Nichts be-/verurteilen

Heute beschäftige ich mich mit einer weiteren Aussage aus den »10 Schritten«:

Don’t pass judgment

Einer der wichtigsten Hinweise zum Schreiben überhaupt. Wir beurteilen in unserem täglichen Leben eigentlich ständig. Wir müssen entscheiden, ob das Fleisch und das Gemüse im Supermarkt gut und preisgünstig sind, wir müssen entscheiden, ob wir einen Menschen mögen oder nicht, wir müssen beurteilen können, was ein Risiko darstellt (zum Beispiel bei Rot über die Straße zu gehen), und was sicher ist.

Eine Situation zu beurteilen ist also nichts Besonderes, es ist uns in Fleisch und Blut übergegangen, es ist lebensnotwendig. Es ist etwas, das wir im Laufe unseres Lebens gelernt haben, damit wir unser Leben überhaupt leben können.

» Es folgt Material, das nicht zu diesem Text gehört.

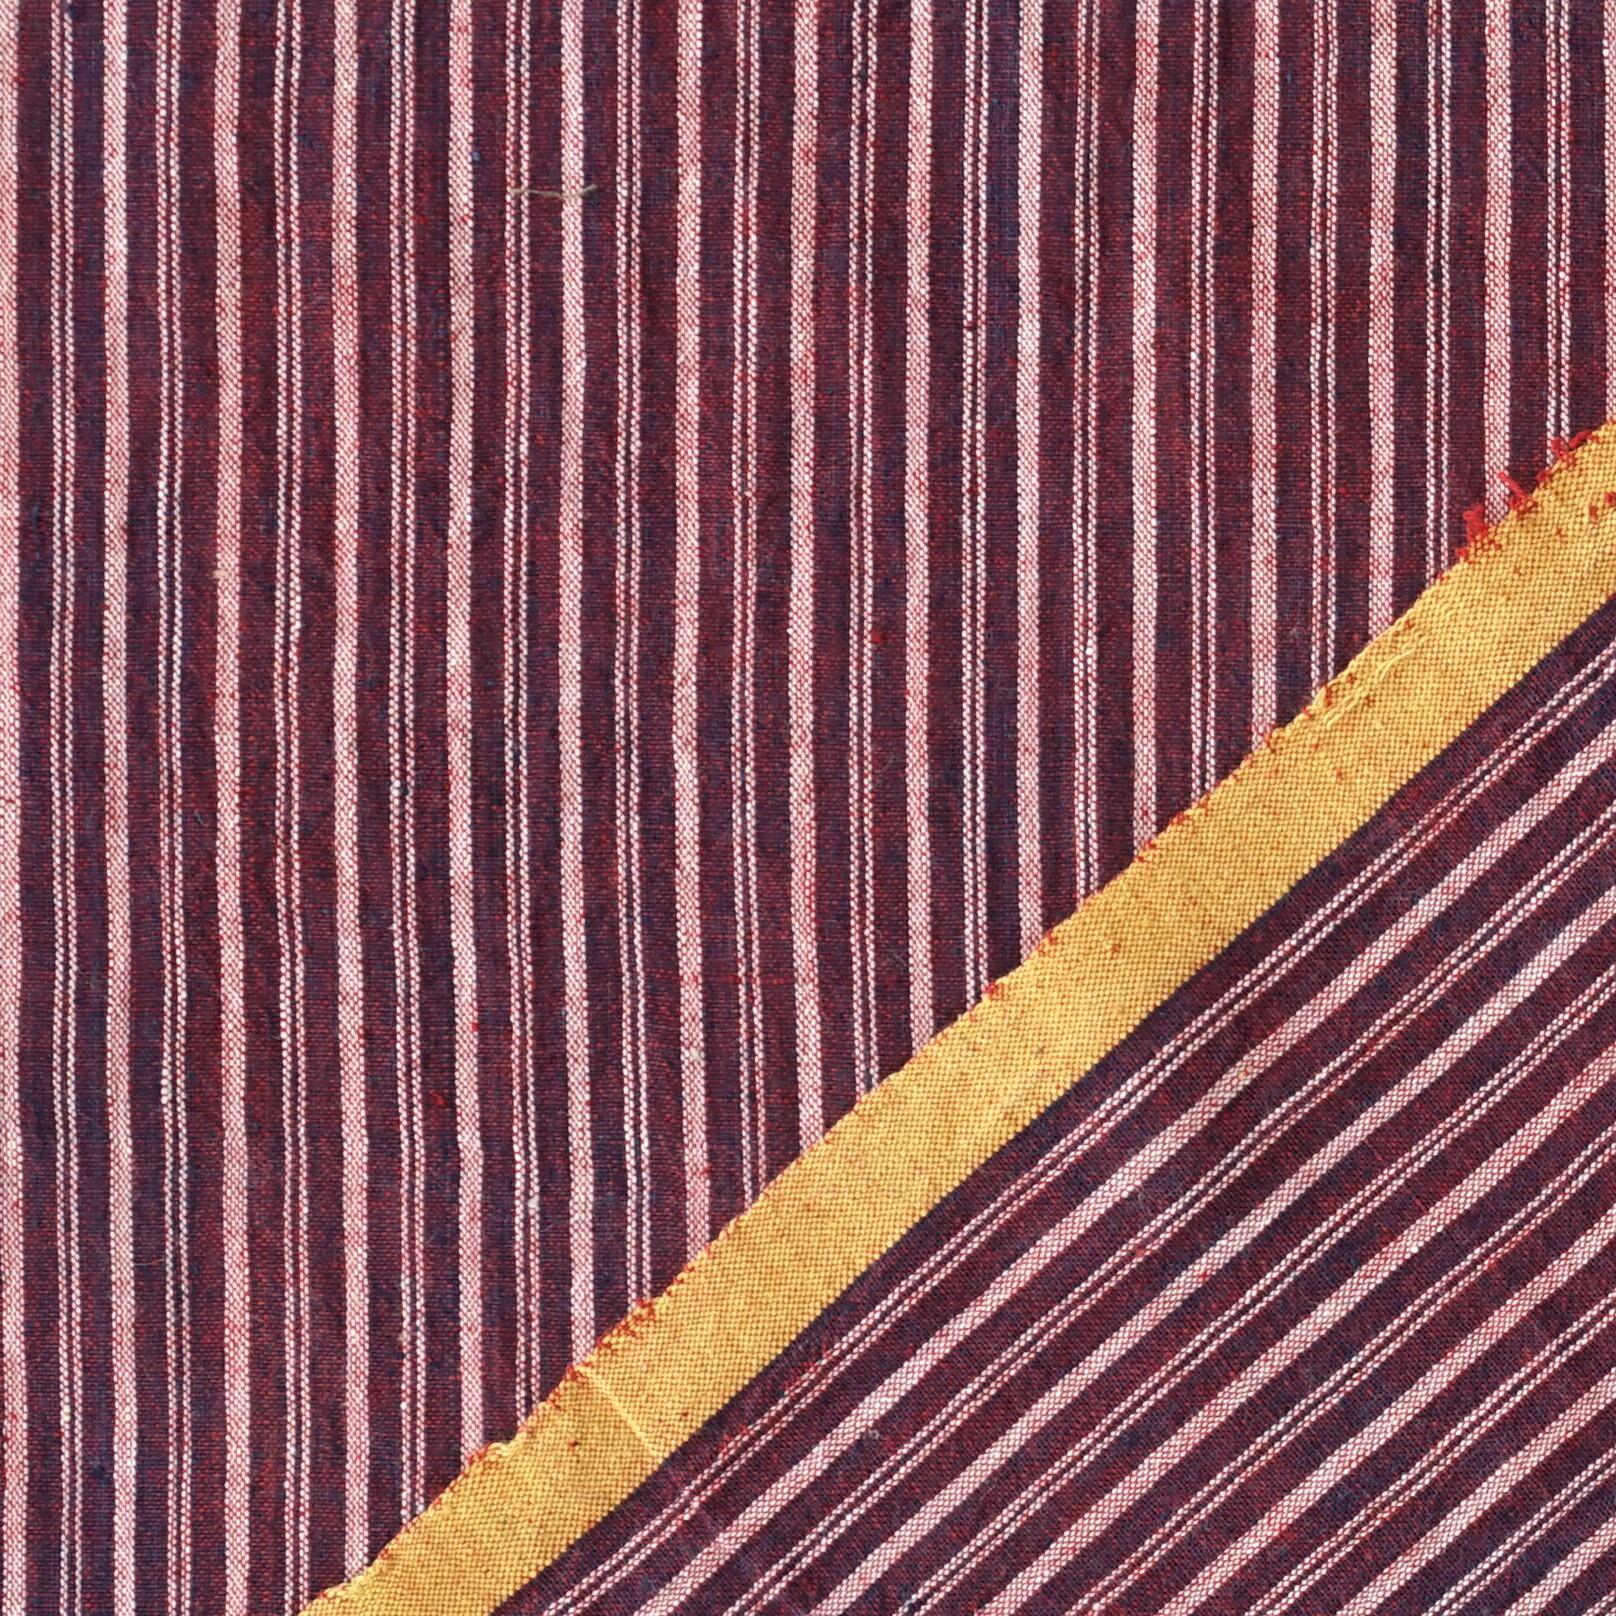 100 % Handloom Woven Cotton - Cross Colour - Pomegranate Yellow Warp, Red Alizarin Weft - Selvedge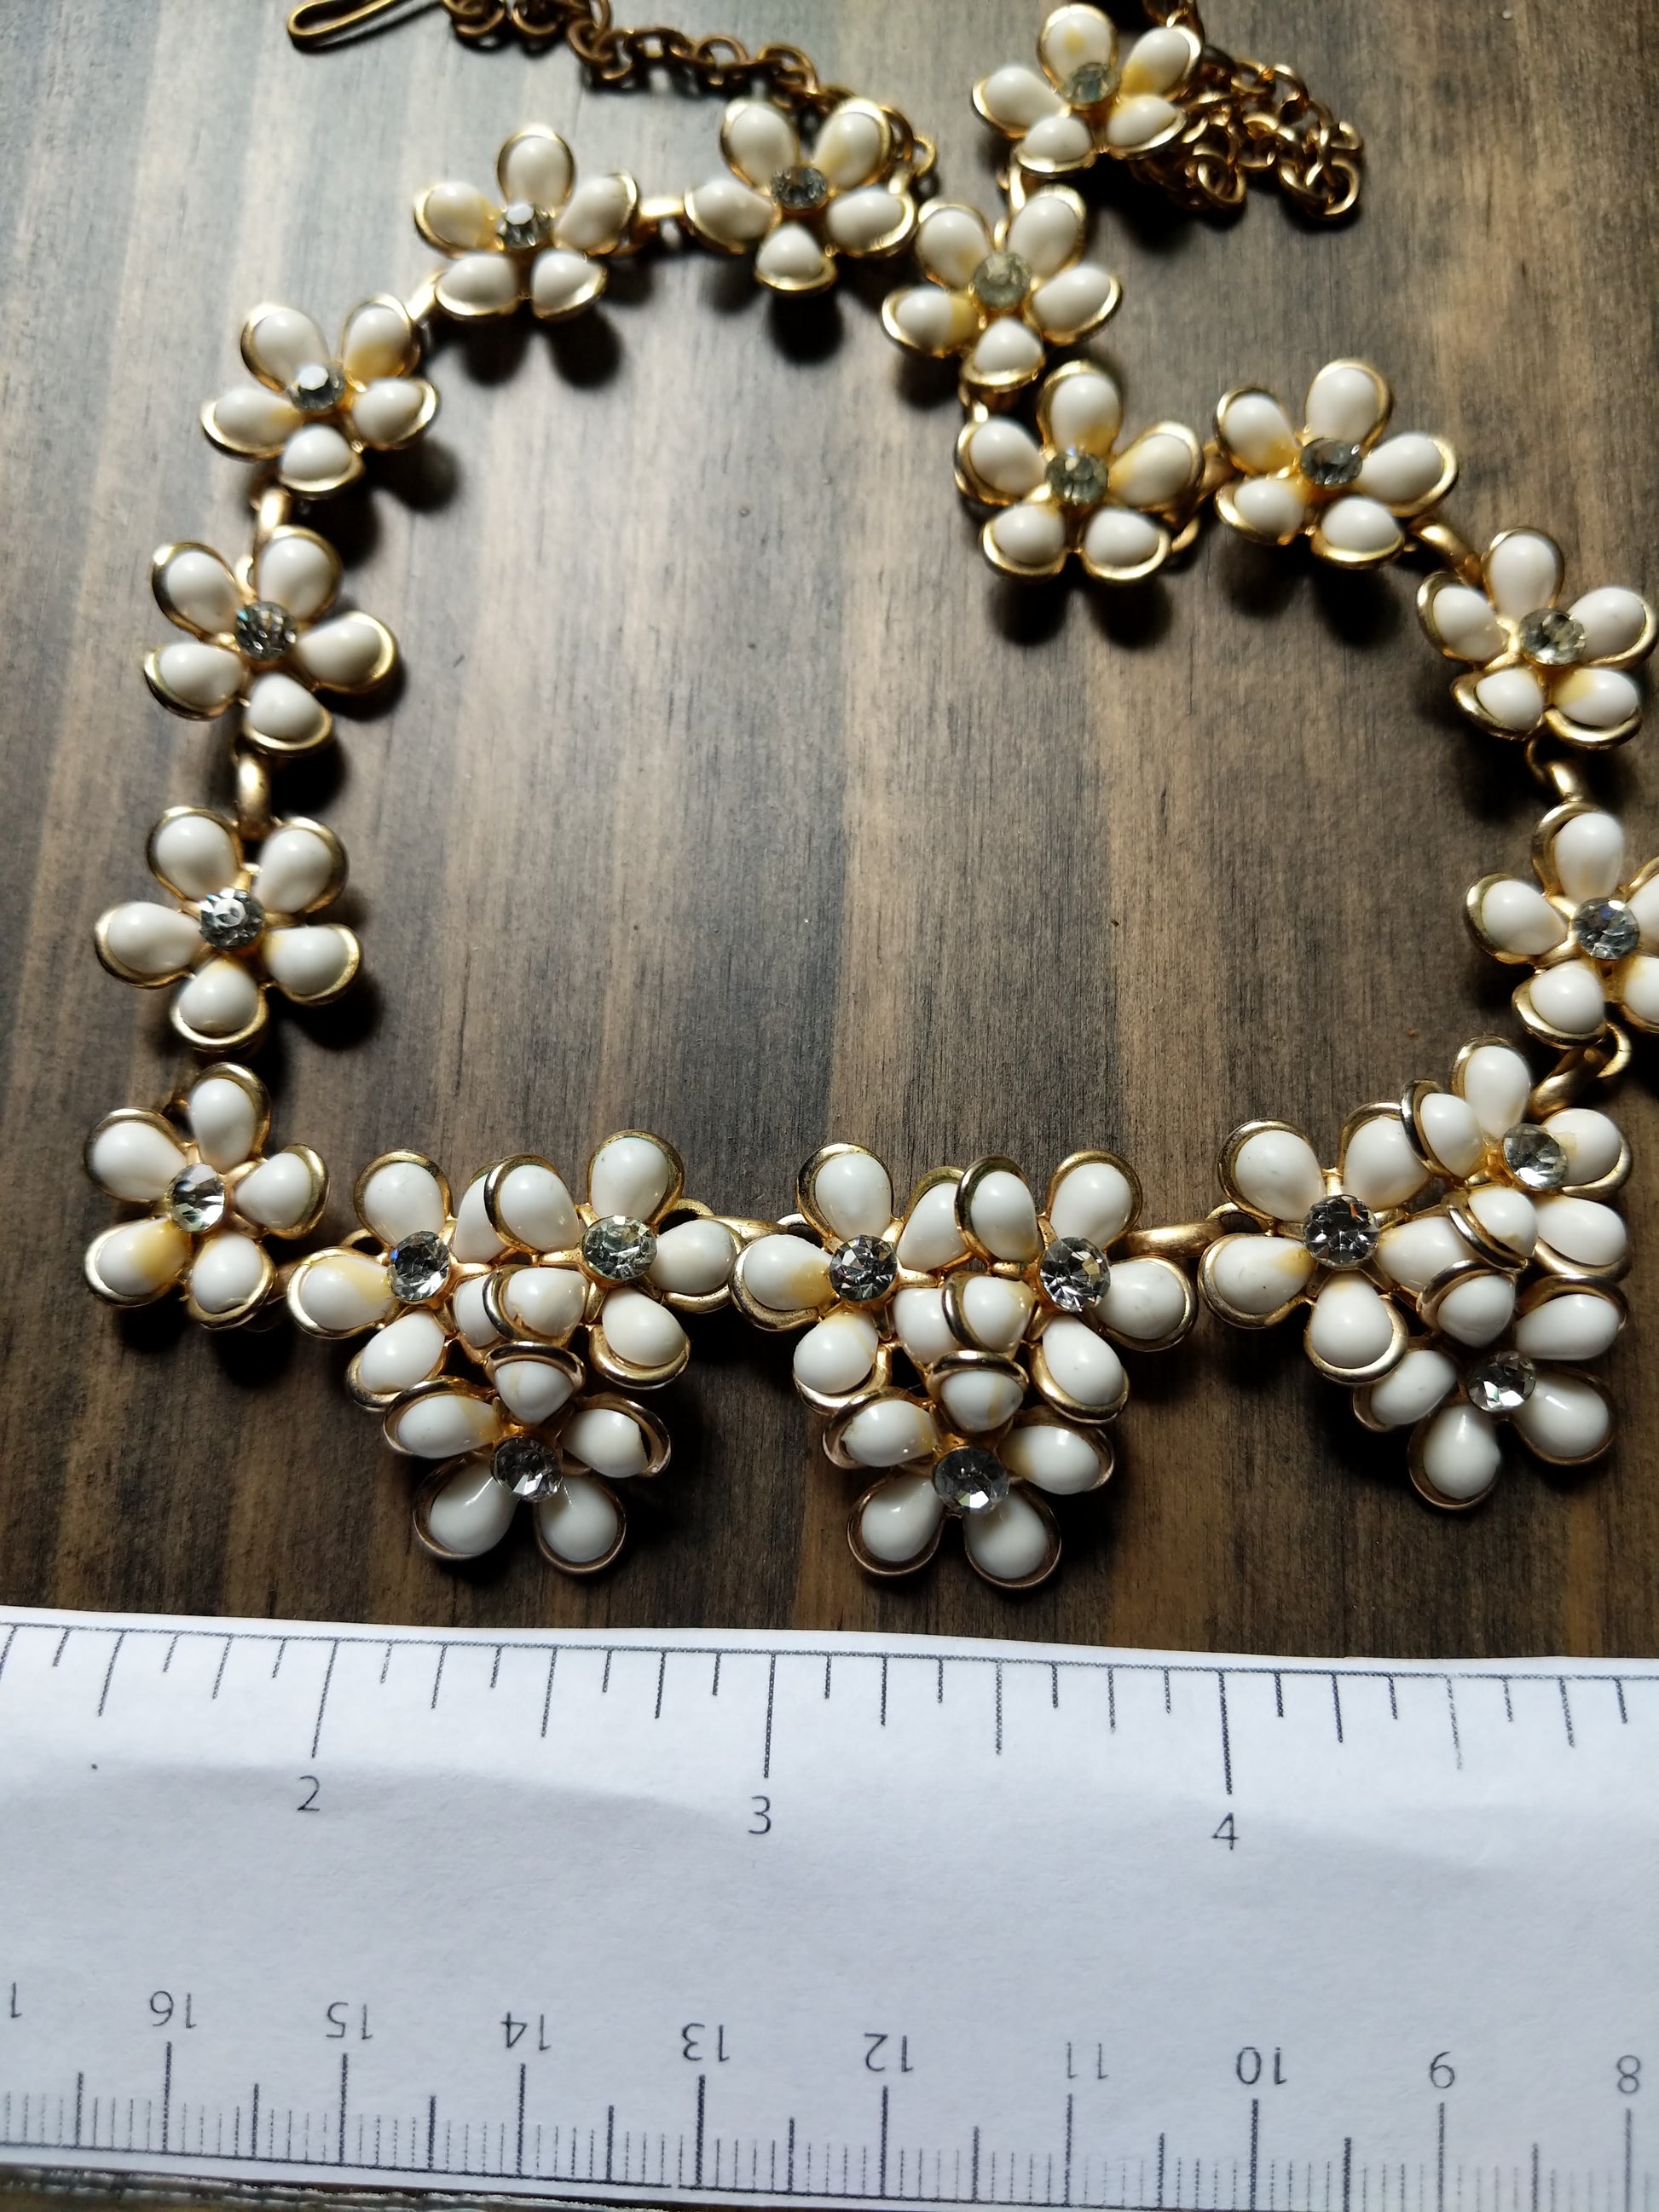 Vintage Necklace White Flower Choker

Anders aber ist es beim Schreiben. Wenn ich beobachte ist alles gleichwertig. Ich darf dem, was ich beobachte, nicht gleich einen Stempel aufdrücken. Gut, schlecht, brauchbar, unbrauchbar, sympathisch, unsympathisch. Als Beobachtende bin ich eine Jägerin und Sammlerin, die alles in sich aufnimmt, ohne es zu beurteilen – und vor allem ohne es zu verurteilen.

Ich darf mich in keiner Weise dazu hinreißen lassen teilzunehmen. Denn sobald ich beurteile oder verurteile, nehme ich am Geschehen teil.

Es ist ein Übel unserer Zeit – nein, nicht nur unserer, das gab es schon immer –, Dinge so gut wie nie objektiv zu betrachten. Wir sehen alles immer nur subjektiv, aus unserer Position heraus. »Das mag ich«, »das mag ich nicht«.

Als Schreibende ist es aber nicht relevant, ob ich etwas mag oder nicht mag. Solange ich mich im Stadium des Sammelns und Beobachtens befinde, ist es sogar fatal, so zu denken. Denn dadurch sortiere ich Dinge aus meiner Wahrnehmung aus, die vielleicht für meine Geschichte wichtig sind. Besonders, wenn sie nicht meiner eigenen Erfahrung entsprechen.

Natürlich gilt dasselbe auch für unser tägliches Leben. Wir sollten Dinge und Menschen nie vorab in eine Schublade stecken, in die sie vielleicht gar nicht gehören. Unser Leben wird dadurch ärmer, nicht reicher.

Dennoch kann im Alltag jede selbst entscheiden, wie sie das handhabt, als Schreibende haben wir diese Freiheit nicht.

Wir müssen objektiv bleiben, sonst wird das, was wir schreiben, niemand interessieren außer uns selbst.